Two of the three biggest cons in corporate school reform, Michelle Rhee (left) and Arne Duncan (right).Not clearly identified in these new studies is the fact that the ability of the hucksters of corporate school reform to get away with their lies rested on a traumatic time in the history of American media. Cutbacks in newspapers and other media coverage, combined with a simplistic approach to the problems of public schools dating back to the propaganda of the Reagan administration's lurid "A Nation At Risk," left serious discussion out of many debates. Instead, a simplistic "He said, but then she said..." version of reporting replaced weighing claims against the facts. Although the destructiveness of this temporary limitation in U.S. journalism was most dramatically exemplified by the Bush administration's invasion of Iraq in 2003 and the terrible war that followed, the oversimplifications manipulated by the marketing departments of the major cities' education administrations became the template for a false understanding, for a time, about what schools could and could not do, and a very false version of reality.

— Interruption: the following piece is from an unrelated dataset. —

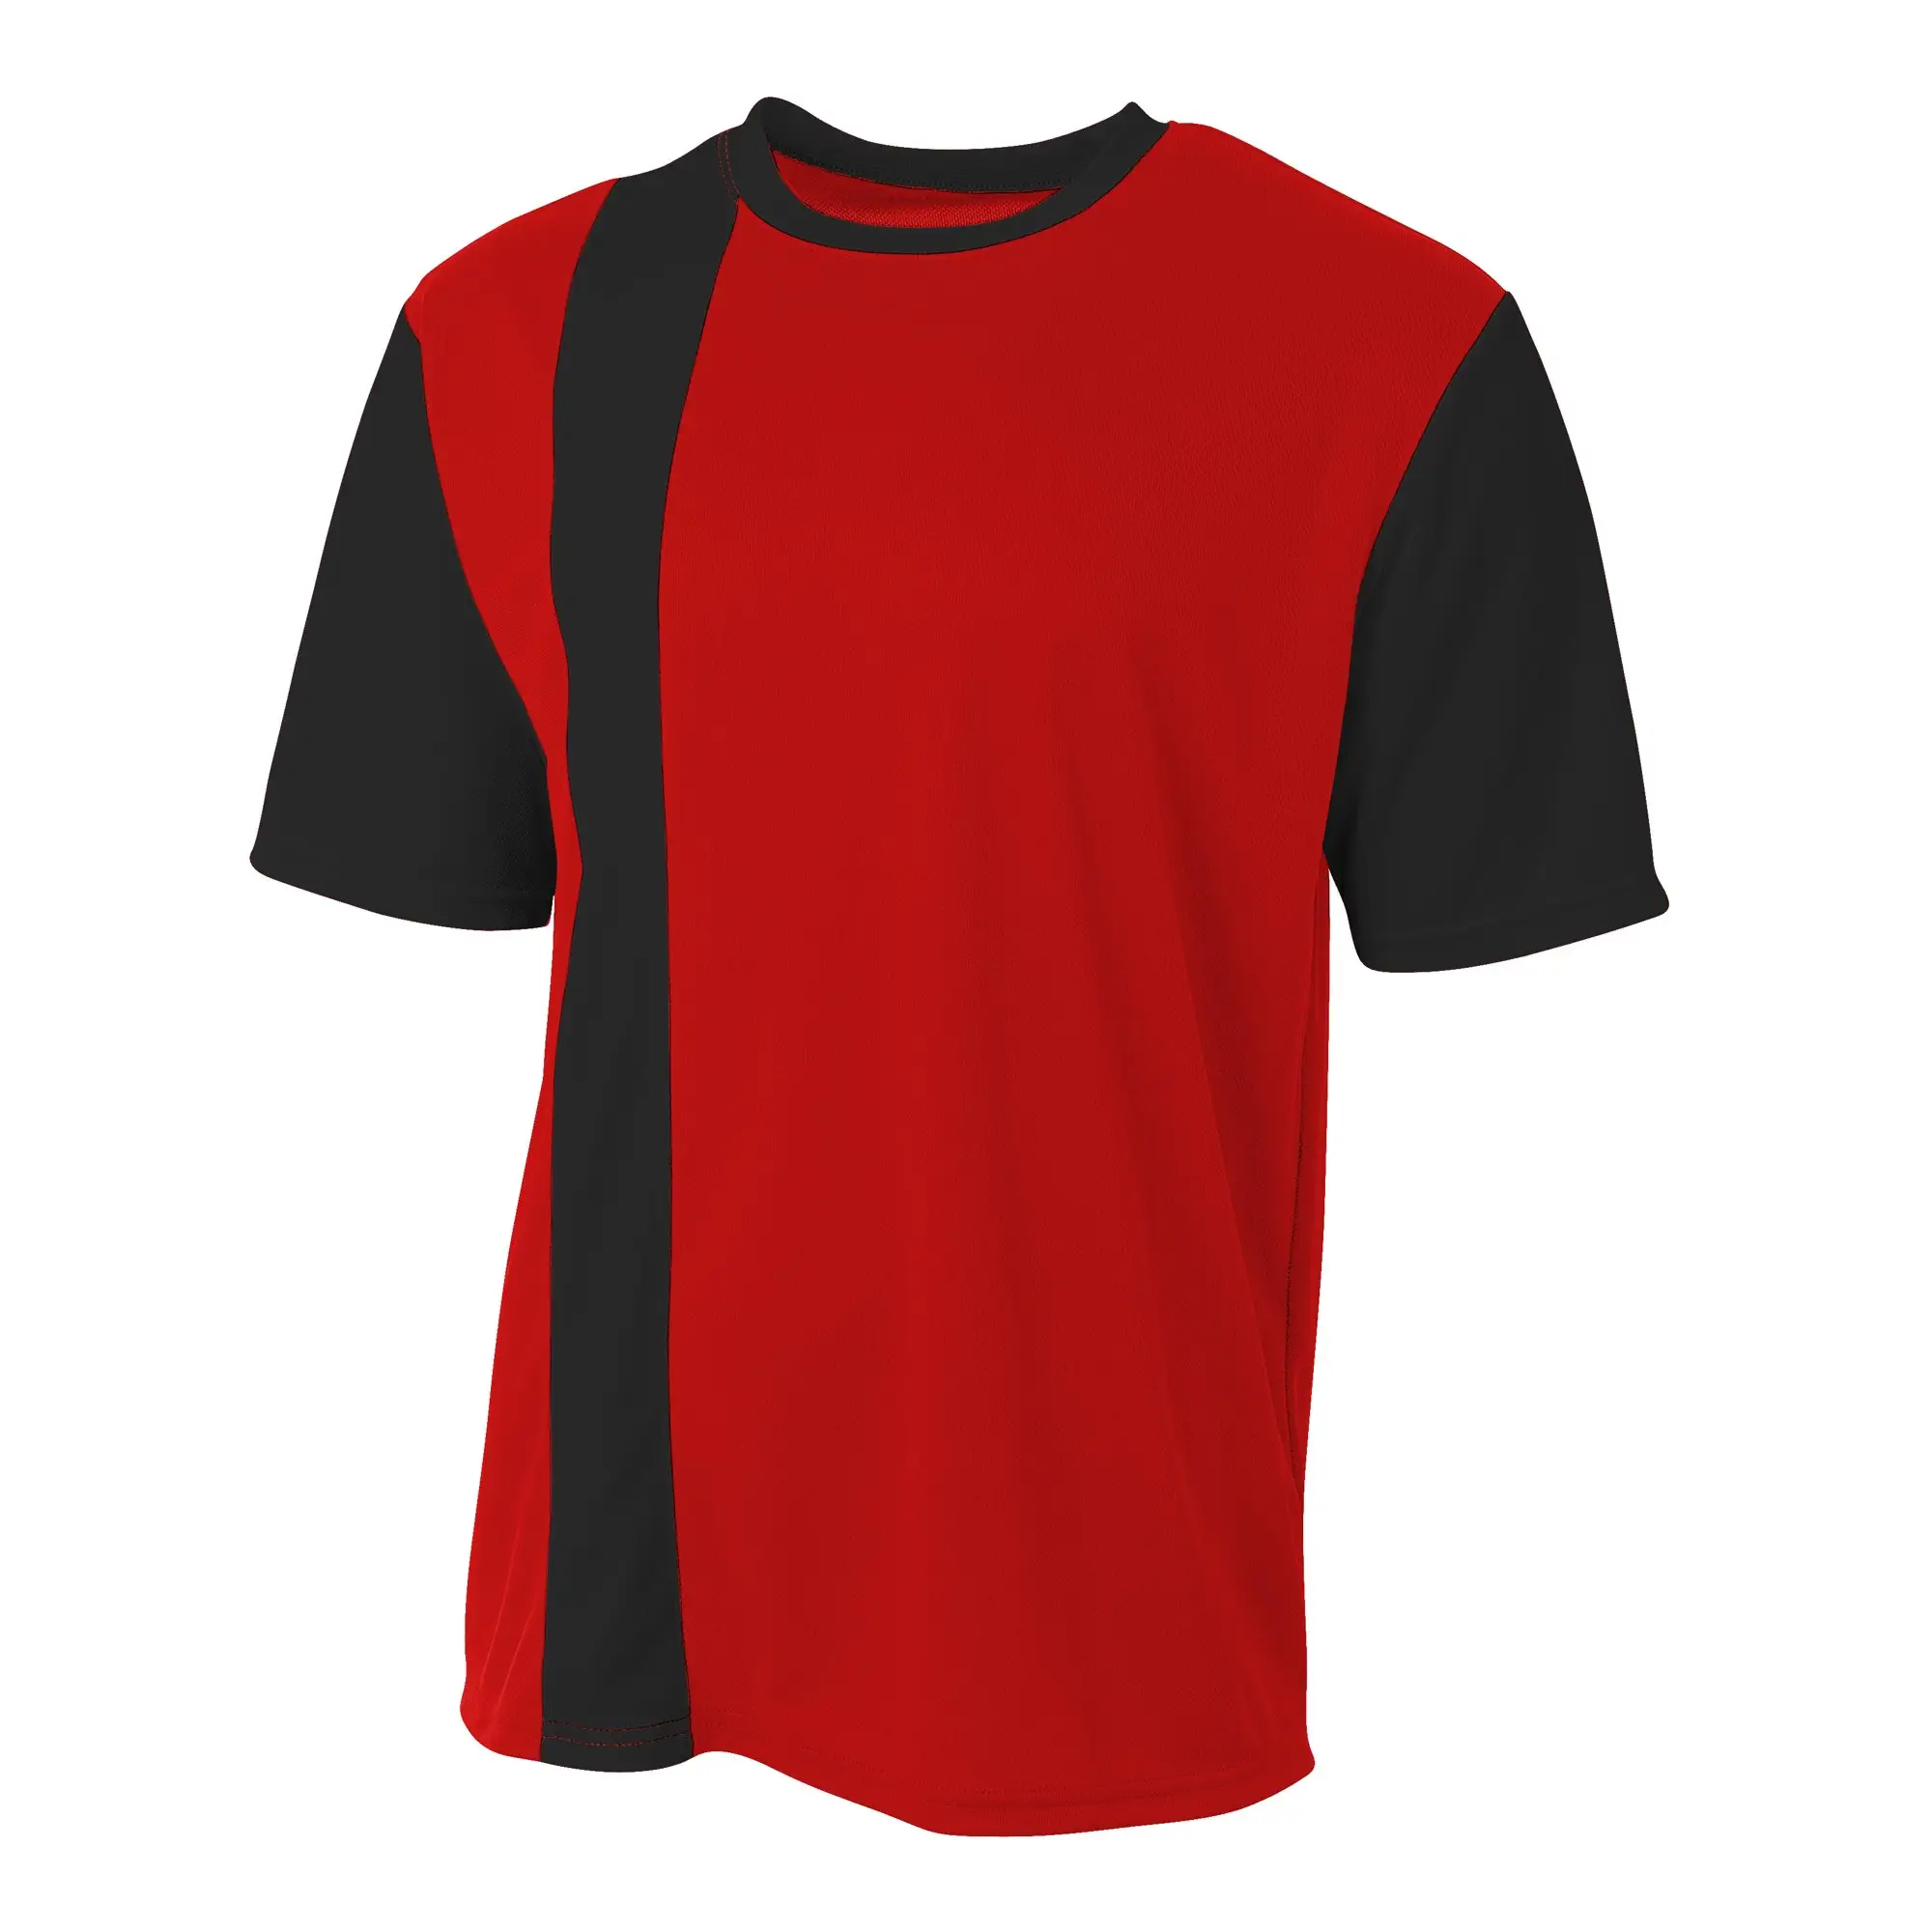 Kaliteli futbol formaları toptan kişiselleştirilmiş üniforma kitleri özel son tasarım futbol forması

Ironically, at the same time when former Atlanta Schools Supt. Beverly Hall and 34 others are now under indictment for corrupt manipulation of test scores (based on the merit pay versions of reality demanded by corporate reform), the three leaders of the urban school systems depicted in the new study are still at large, and in most ways more powerful than ever. Joel Klein who headed New York City's public schools during the height of the attacks on public education now works for Newscorp. Michelle Rhee is still quoted more than any ten sane critics of corporate reform. And the complete corrupt former head of Chicago's public schools, Aren Duncan, is the most powerful of all, heading the U.S. Department of Education courtesy of Barack Obama and still pushing Race To The Top and other eugenics and social Darwinian versions of reality.

On April 13, 2013, Valerie Strauss reported as follows in The Washington Post:

Study: School reform in 3 major cities brings few benefits, some harm. By Valerie Strauss, Updated: April 13, 2013

Many people paying attention to corporate-based school reform in recent years will not be surprised by this, but a new study on the effects of this movement in Washington, D.C., New York City and Chicago concludes that little has been accomplished and some harm has been done to students, especially the underprivileged.

The report looks at the impact of reforms that have been championed by Education Secretary Arne Duncan and other well-known reformers, including Michelle Rhee, the former chancellor of D.C. Public Schools, and, in New York City, Joel Klein, the former chancellor of New York City Public Schools and Mayor Michael Bloomberg. It says:

The reforms deliver few benefits and in some cases harm the students they purport to help, while drawing attention and resources away from policies with real promise to address poverty-related barriers to school success…

The full study, titled “Market-oriented education reforms’ rhetoric trumps reality,” was conducted by Elaine Weiss and Don Long of the Broader, Bolder Approach to Education initiative, which was convened in 2008 by Economic Policy Institute President Larry Mishel in an effort to champion a well-rounded approach to education that goes beyond test-based accountability. It will be available here next week. [The executive summary can be found at: http://www.boldapproach.org/uploads//20130410_ExecutiveSummaryfinal.pdf. Because it includes several graphics that can be reproduced in the text here, the reader is better downloading the entire document and reading other materials from "Broader, Bolder..."]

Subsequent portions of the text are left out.